Script Captures Duplicate E-mail Entry in Database, but Doesn't Display User-end Msg

Hello everyone,

I’m back with another brain buster! :idea:

This time, I’m checking the database using a PDO connection for a duplicate email address in a column, emailaddress. The problem is not in finding out if the e-mail address is a duplicate entry. The problem is displaying the error message to the user (not just seeing it in Firebug).

All the other error messages this script detects are properly appended to a <p> element with an i.d. of errormessage. For some strange reason, this error goes unpublished and the form just sits there on submission. For example, if the user doesn’t input a name, an error message will appear saying, “Please enter a name”.

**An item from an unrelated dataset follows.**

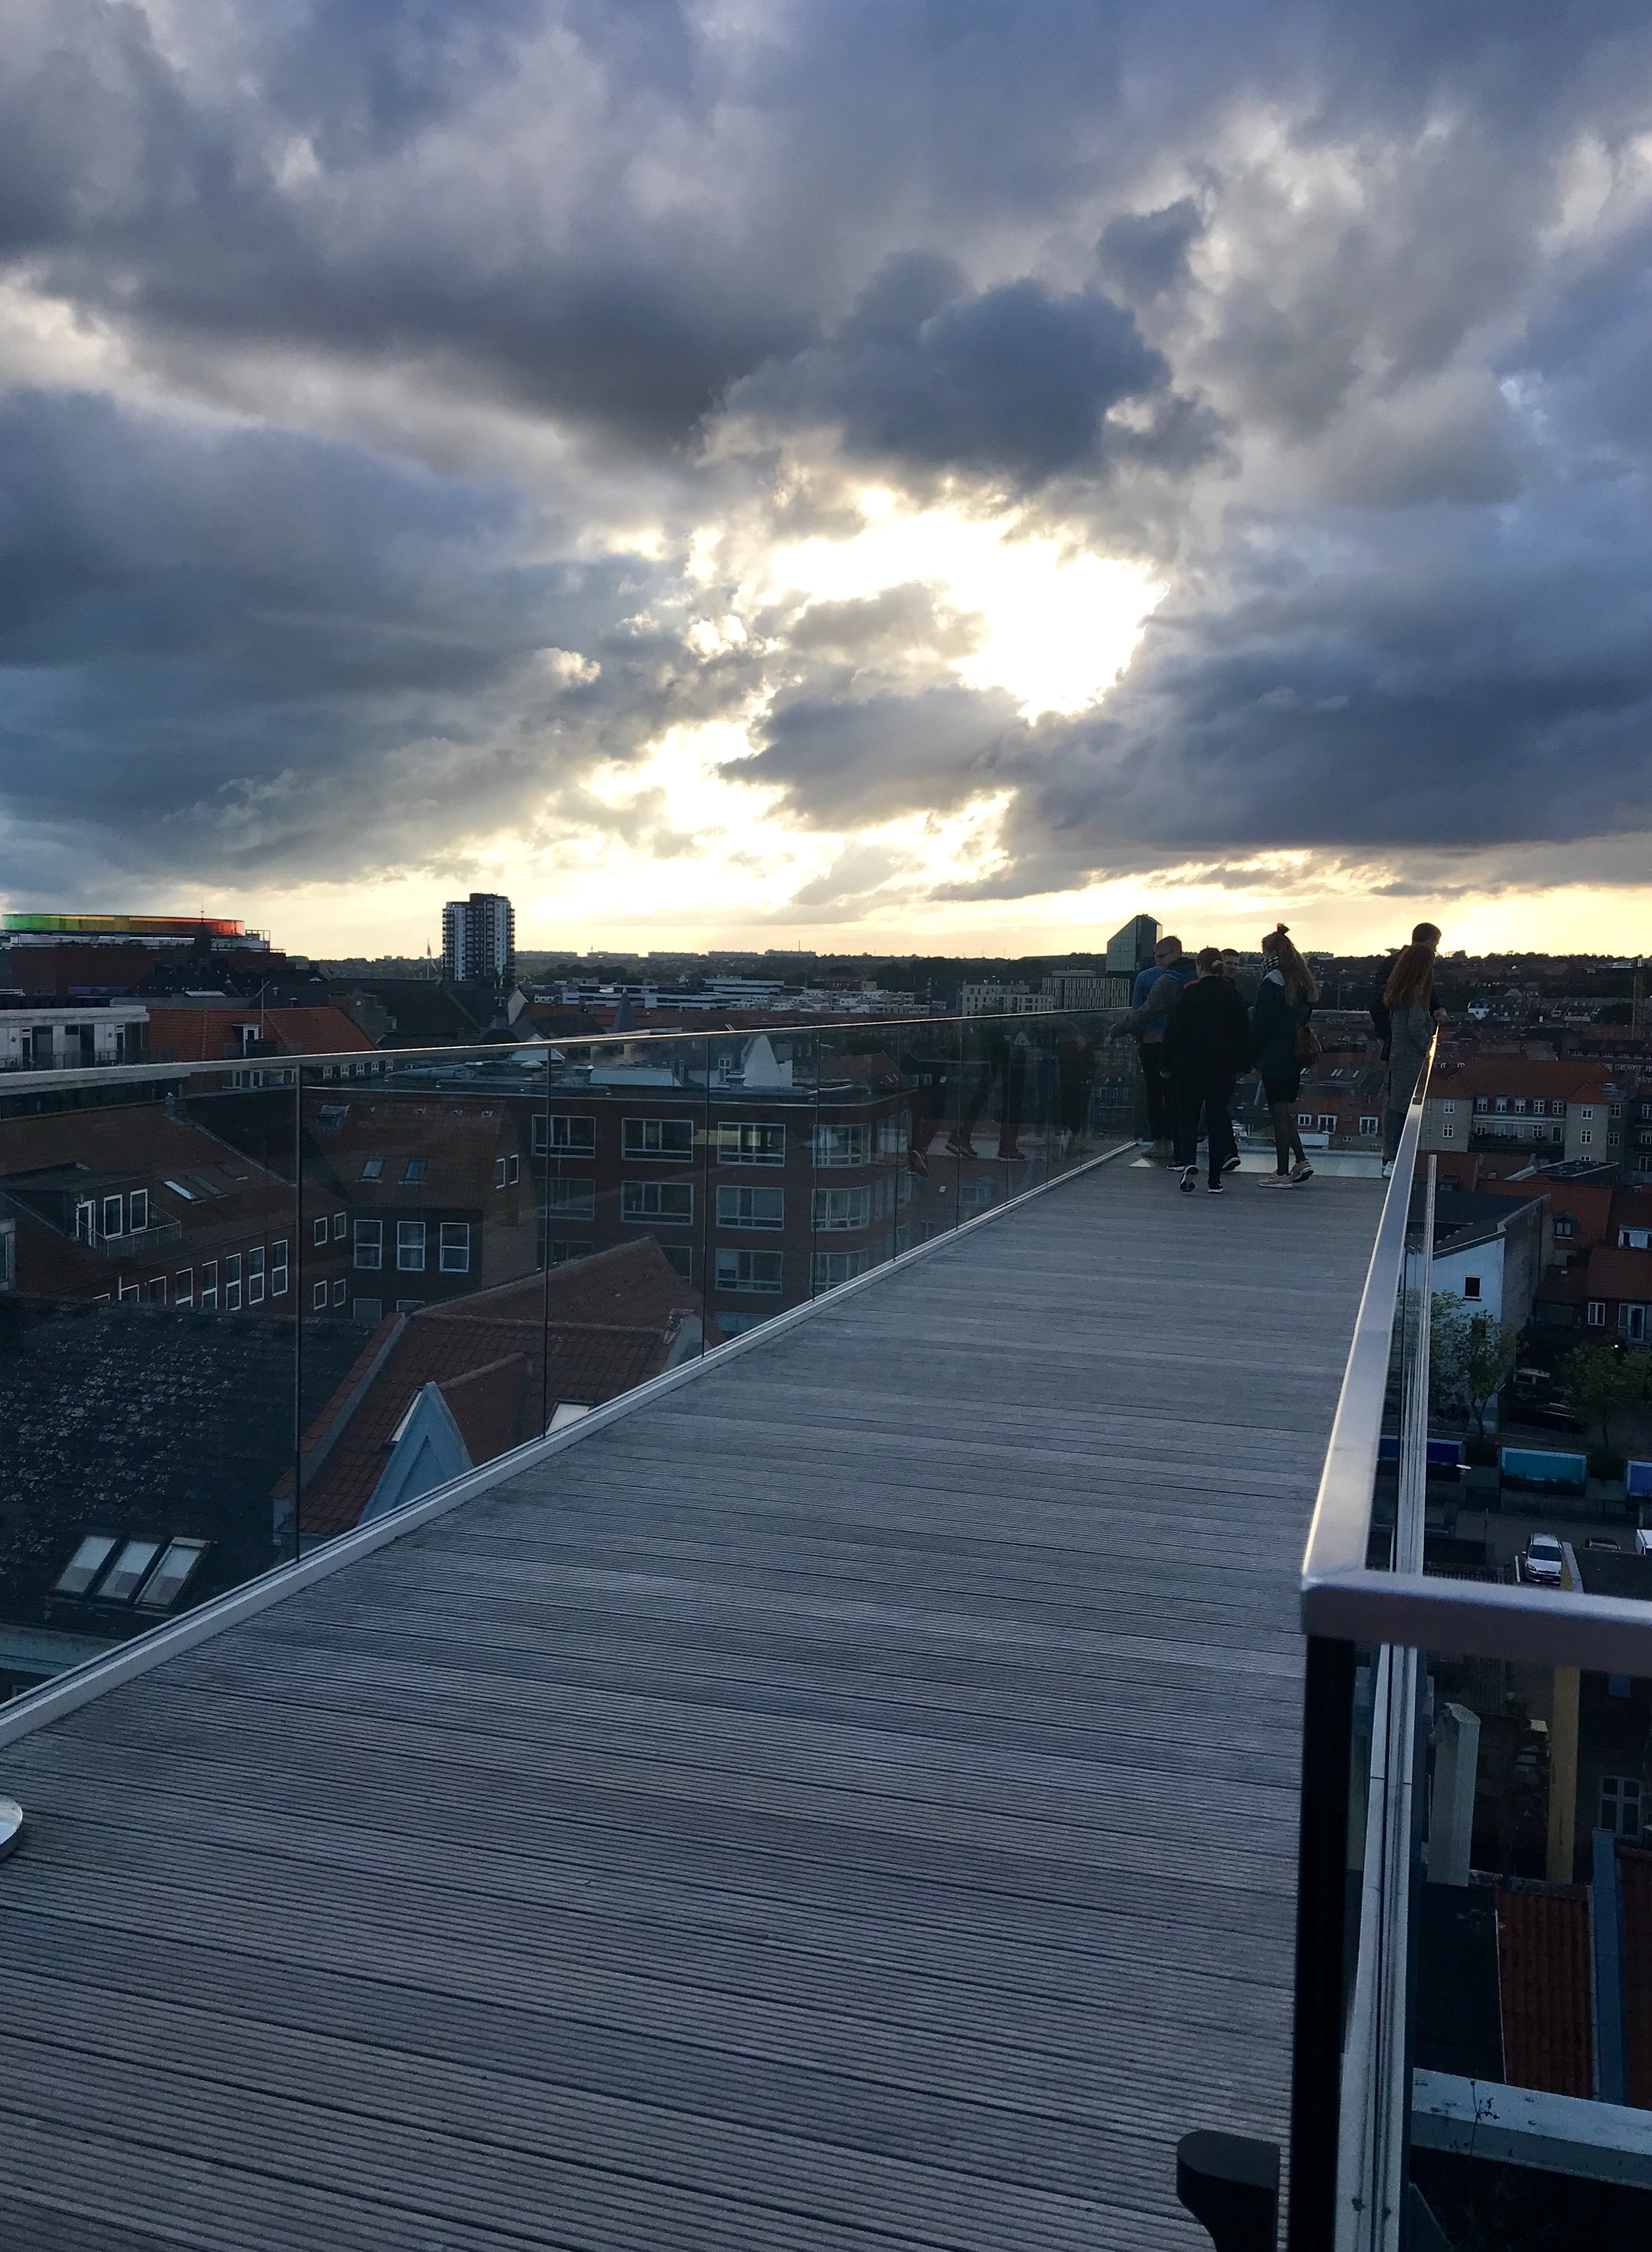 Salling rooftop bar, Aarhus

Here’s why I know the query and the detection of the duplicate entry is not the issue. I had set up the script to echo the variable, $dbCode, which is used to detect the results of the database writing. 3 corresponds to the e-mail being a duplicate (as you’ll see), and that is what is being returned and echoed into Firebug/developer tools. Not only that, but the error message reads, “That e-mail address already exists”, just like it should, as well as validation set to failure and database set to failure in my $response array that is sent back to JavaScript. Everything seems in place!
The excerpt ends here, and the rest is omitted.